Fault Tolerance¶

VCCL’s fault-tolerance mechanism ensures that, in the event of NIC down or switch failures, distributed training can be recovered and continue within a single iteration, significantly improving the reliability and availability of large-scale clusters.

Overview¶

Fault-tolerance Capabilities¶

Failure Detection: Automatically detects node and link failures.
Automatic Recovery: Transparent failure recovery mechanisms.
Zero Downtime: In-place recovery within a single iteration.
High Compatibility: Highly compatible with traditional solutions.

Supported Failure Types¶

Failure Type	Recovery Strategy	Recovery Time
NIC down	Fault tolerance	Within 1 iteration
Switch failure	Fault tolerance	Within 1 iteration
NIC flap	Avoid excessive re-attachment	Handled by hardware retransmission mechanisms
GPU failure	Node isolation	Checkpoint-based recovery

Configuration¶

Basic Enablement¶

# Enable fault-tolerance feature (disabled by default)
export NCCL_ENABLE_FAULT_TOLERANCE=<0, 1>, default is 0 (disabled).

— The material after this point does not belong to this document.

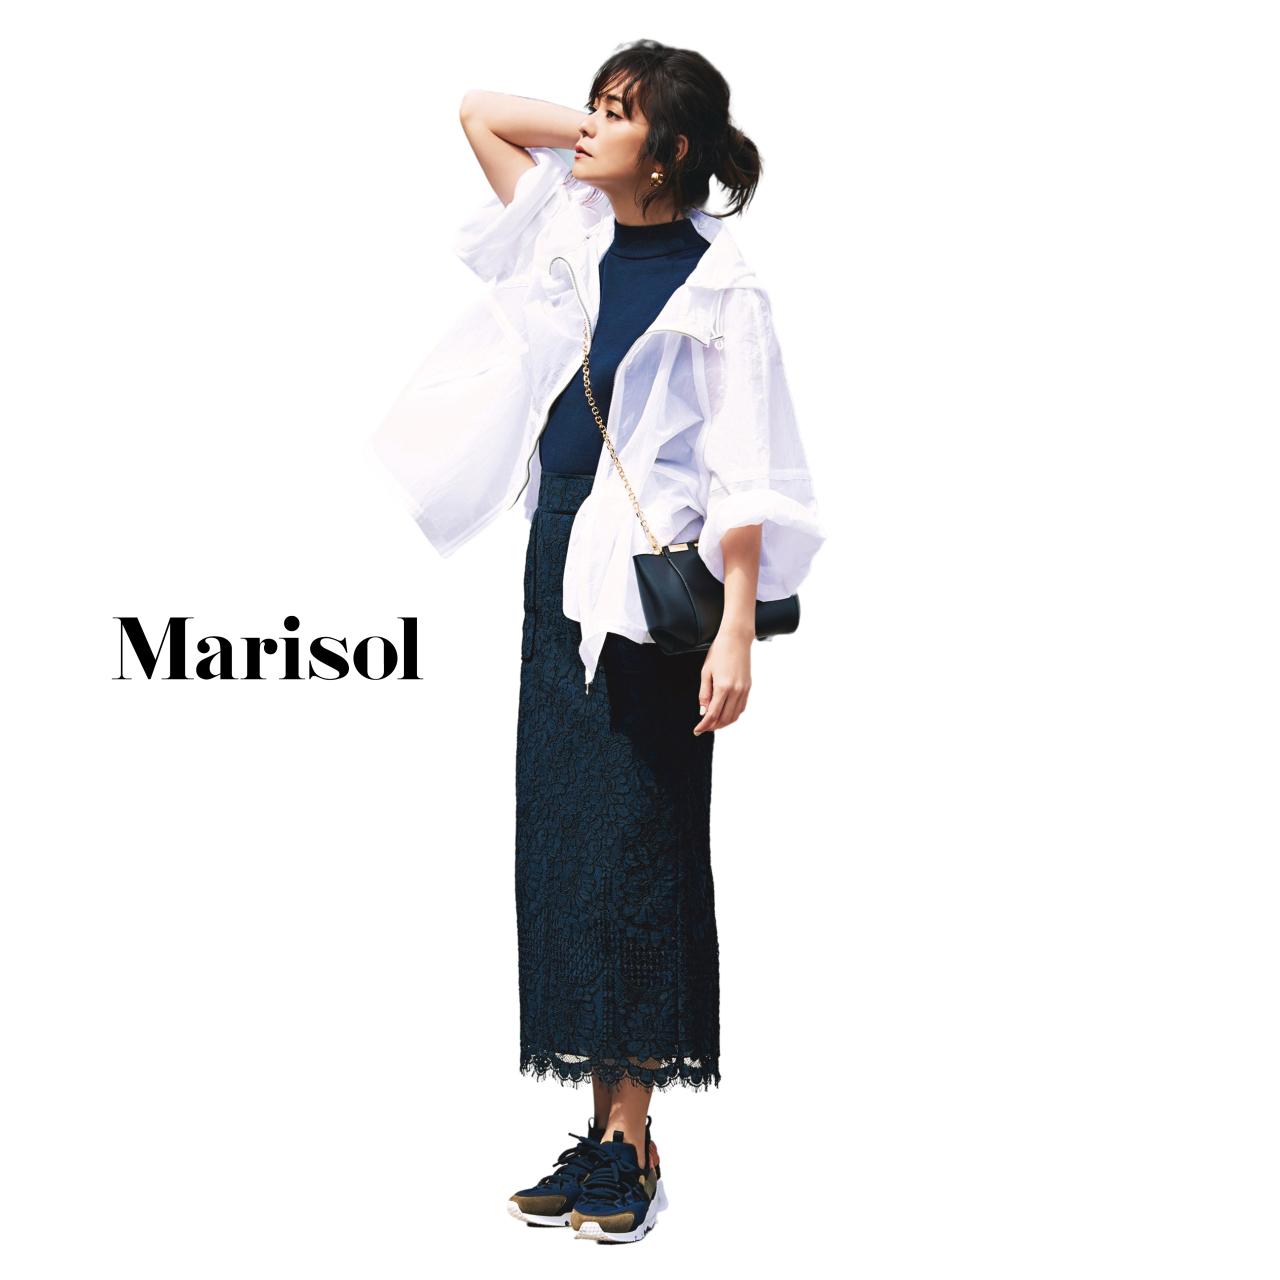 40代ファッション 白ブルゾン×ネイビーニット×ネイビースカートコーデ

# NIC configuration must be specified
export NCCL_IB_HCA=="mlx5_0:1,mlx5_1:1,mlx5_2:1,mlx5_3:1,mlx5_4:1,mlx5_5:1,mlx5_6:1,mlx5_7:1" according to runtime environment.

Advanced Configuration¶

# Set retry count (default 7)
export NCCL_IB_RETRY_COUNT=7

# Set timeout in seconds (default 18)
export NCCL_IB_TIMEOUT=18

NIC configuration requirement

The fault-tolerance feature requires the NCCL_IB_HCA environment variable to be specified; otherwise it will not function correctly.

Advanced configuration

Setting advanced parameters beyond reasonable ranges may affect behavior.